拮抗する準々決勝 試合の決め手になりうる「2つのポイント」
コロンビアは次の試合で地元のブラジルと対戦する。ブラジルには、彼のような勢いのあるFWに苦い経験がある。82年のW杯である。ジーコ、ソクラテス、ファルカンなど黄金の中盤を抱えたブラジル代表は優勝候補とされていた。ところが2次リーグでイタリアのパオロ・ロッシに3得点を挙げられ、2-3で敗れた。ブラジルは決定的なストライカーがいなかったことが最後に響いた。

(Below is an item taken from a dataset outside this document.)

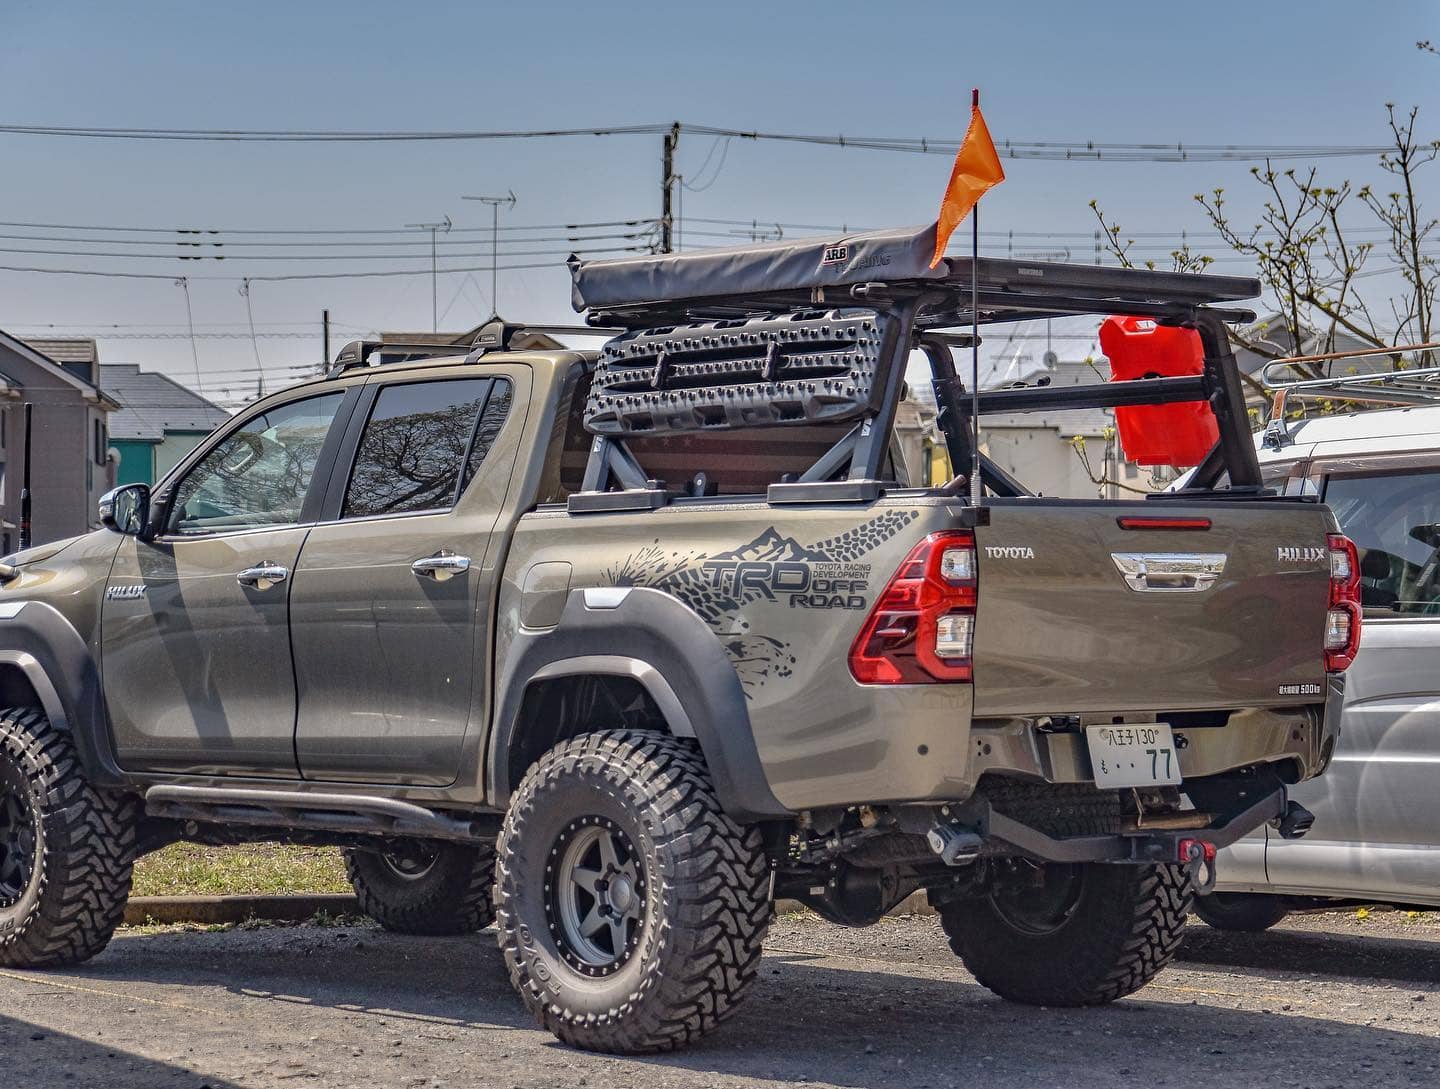 Toyota Hilux Overland-adventure build with Yakima Bed rack, ARB awning, and wide fender flares

コロンビア戦でも、恐れを知らぬ、ハメス・ロドリゲスが輝けばブラジルは窮地に追い込まれることになる。
さらに、前線にいるストライカーにいかにボールを供給するか――。ドゥンガは拮抗(きっこう)した試合では、中盤で「こぼれ球」をいかに拾うかが大切だと力説する。
「こぼれ球を拾うには、集中すること、そして“読み”が大切だ。中盤の選手が汗をかいて、献身的に動くことで、喜びが生まれるんだ」
ブラジル―コロンビア戦では、筆者がこのコラムでセレソンのキーマンとして挙げていた、中盤の“汗かき”ルイスグスタボが出場停止となる。ルイスグスタボのいない中盤でこぼれ球をどちらが多く拾うか、そしてネイマールとハメス・ロドリゲスという2人の点取り屋の精度――。この2つが試合を決めるだろう。